---- SUPPLIED INFORMATION

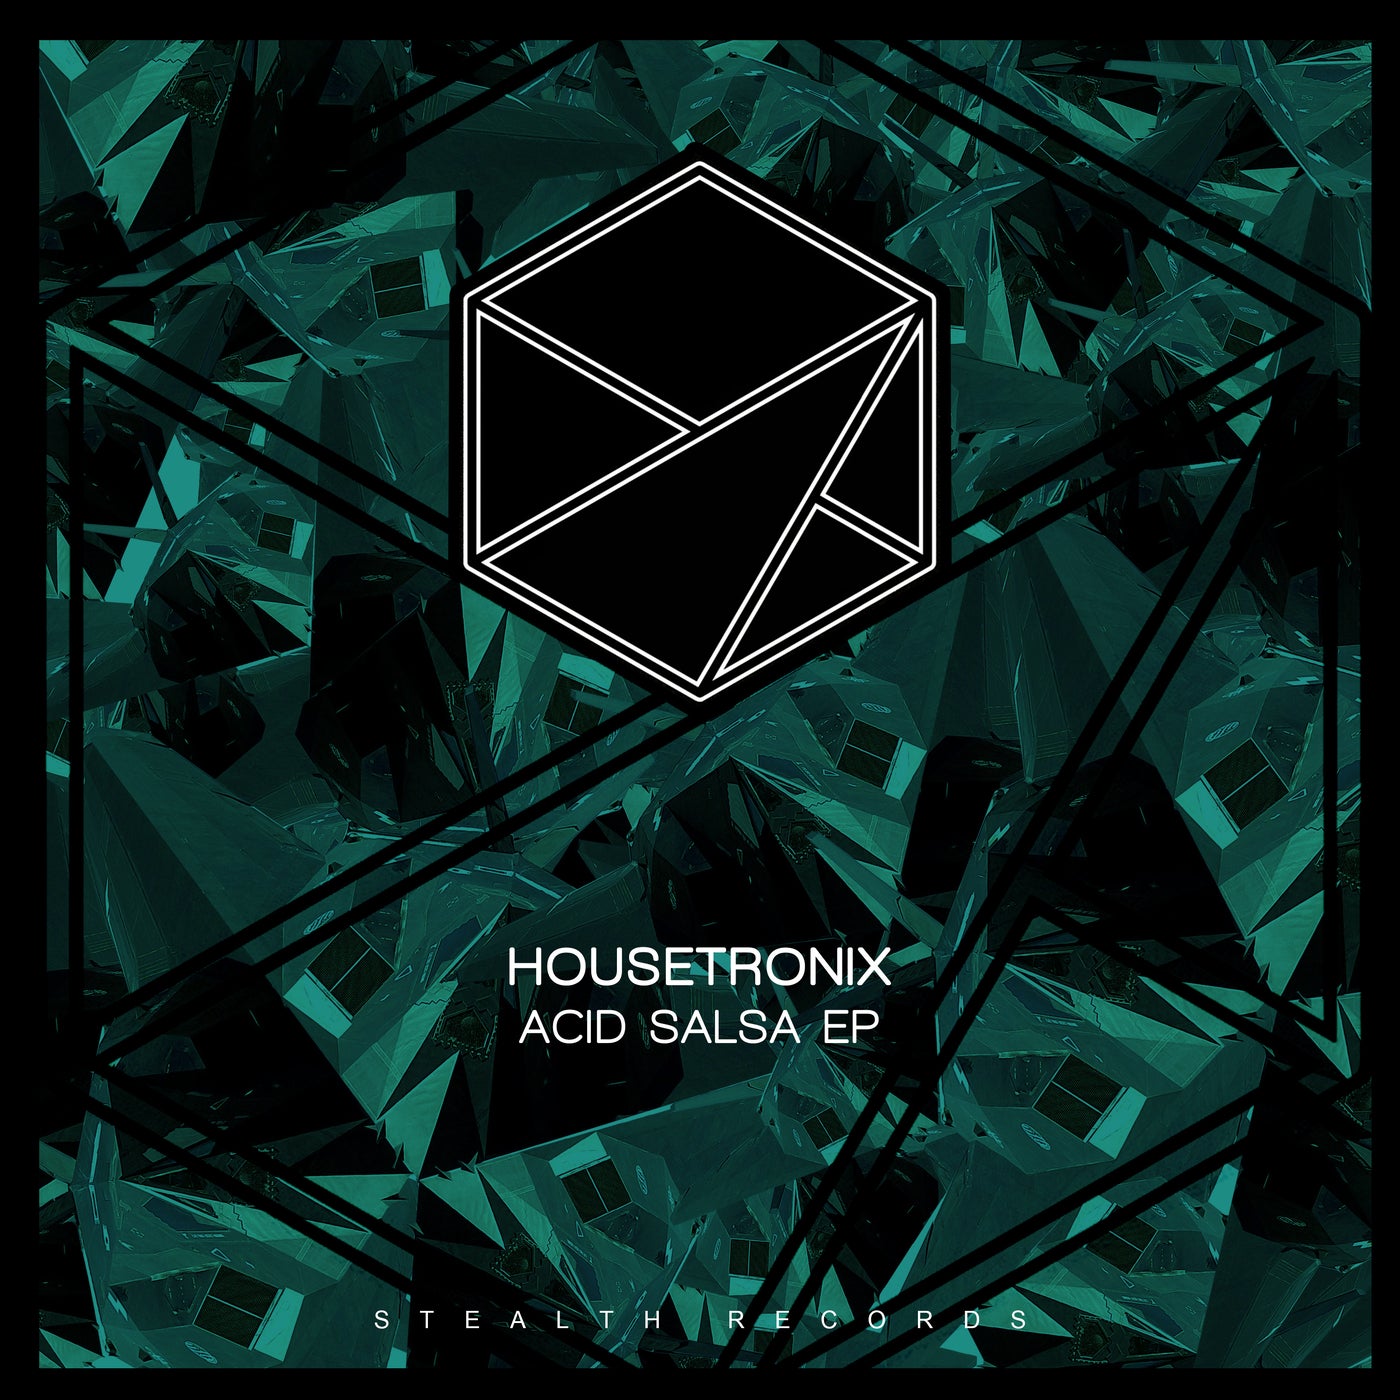 image cover: Housetronix - Acid Salsa EP / STEALTH217
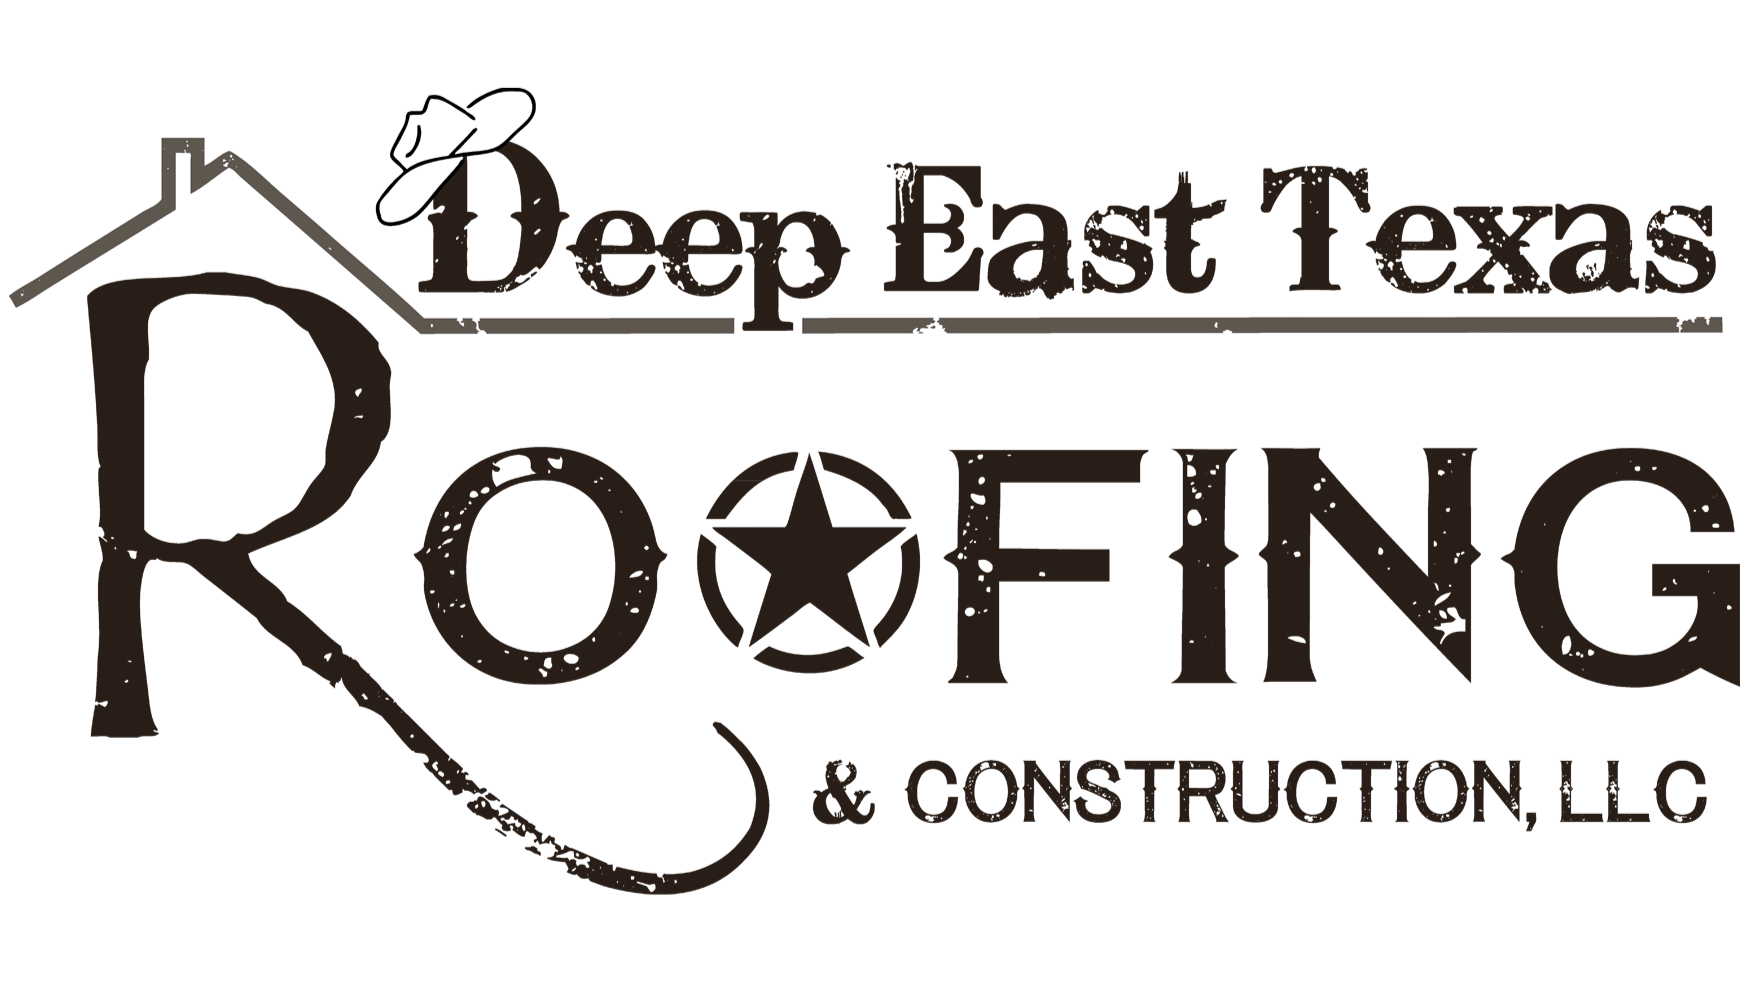 Deep East Texas Roofing & Construction Logo
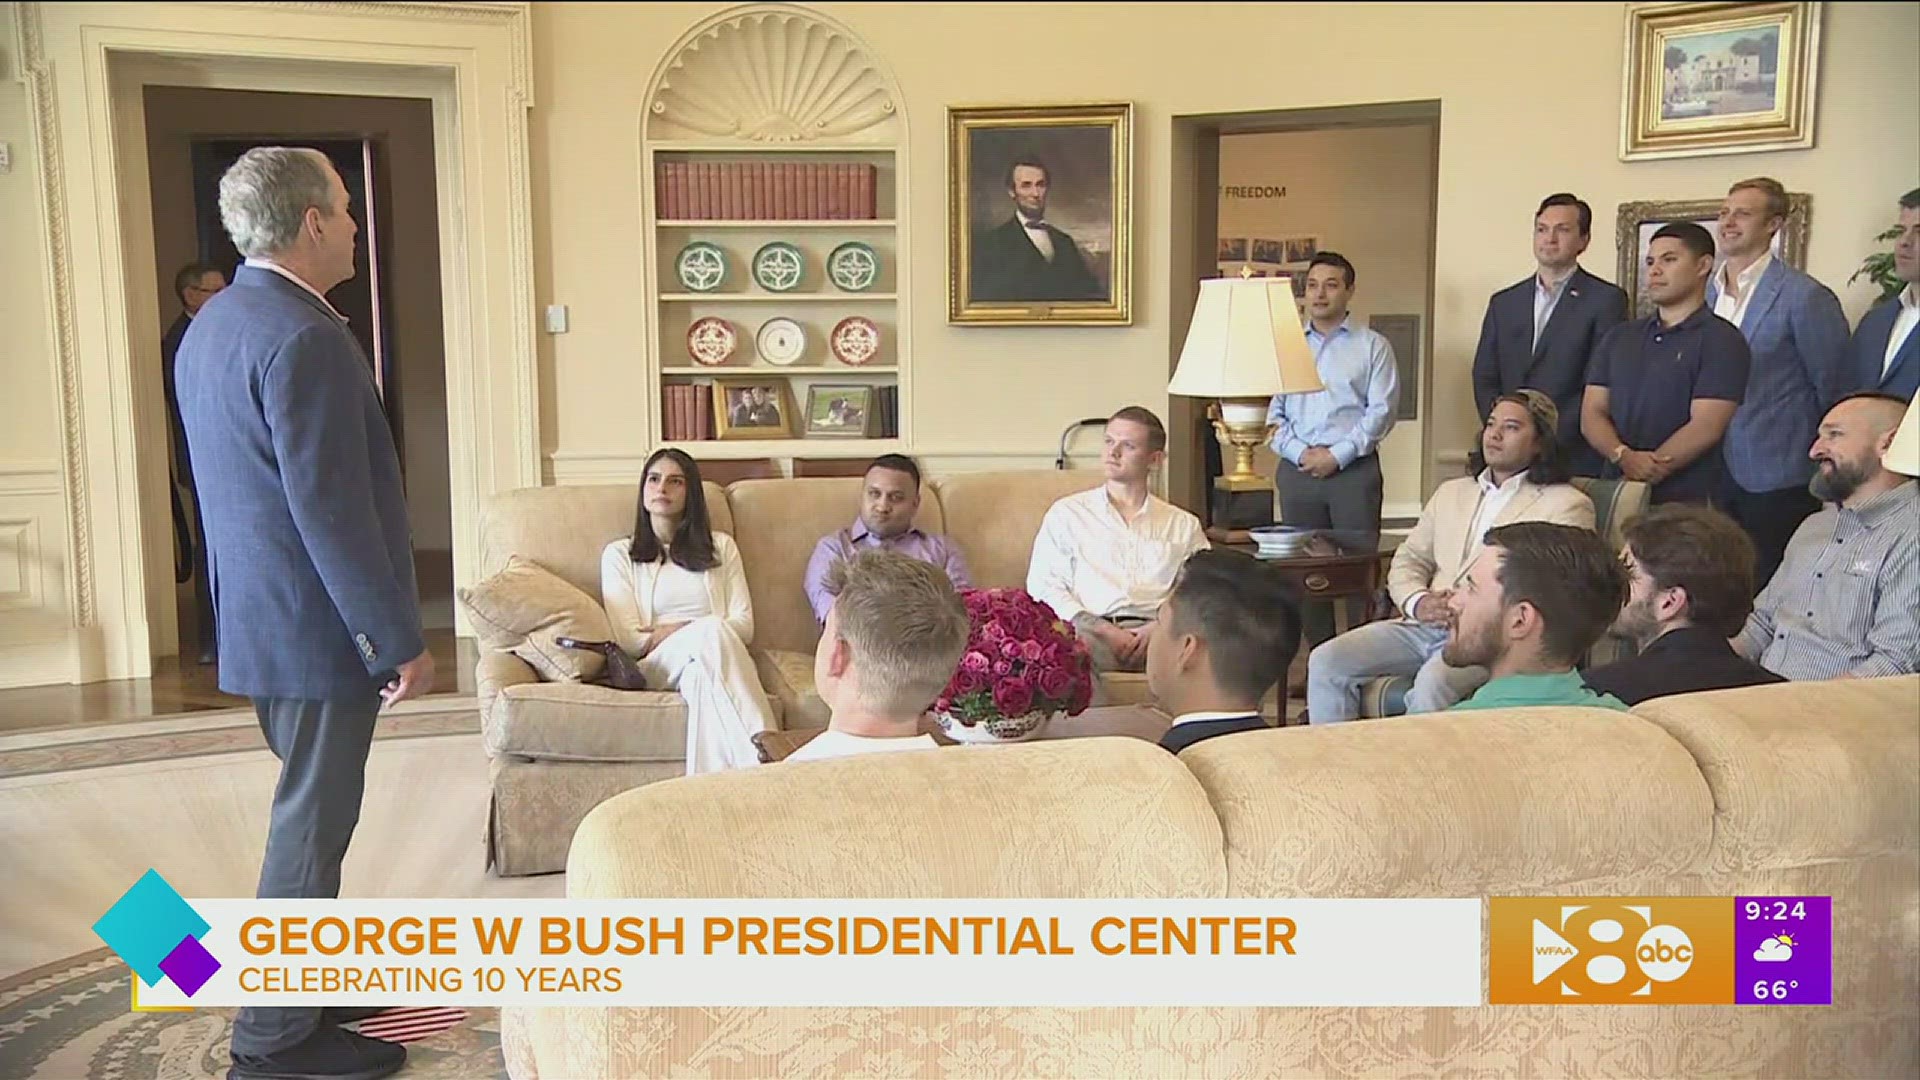 The George W. Bush Presidential Center celebrates its 10th Anniversary

--------

→ THE TASK
You are asked to reproduce each line above exactly, but to exclude the pictures.

→ PROBLEM SOLUTION
 image cover: Housetronix - Acid Salsa EP / STEALTH217
 Deep East Texas Roofing & Construction Logo
 The George W. Bush Presidential Center celebrates its 10th Anniversary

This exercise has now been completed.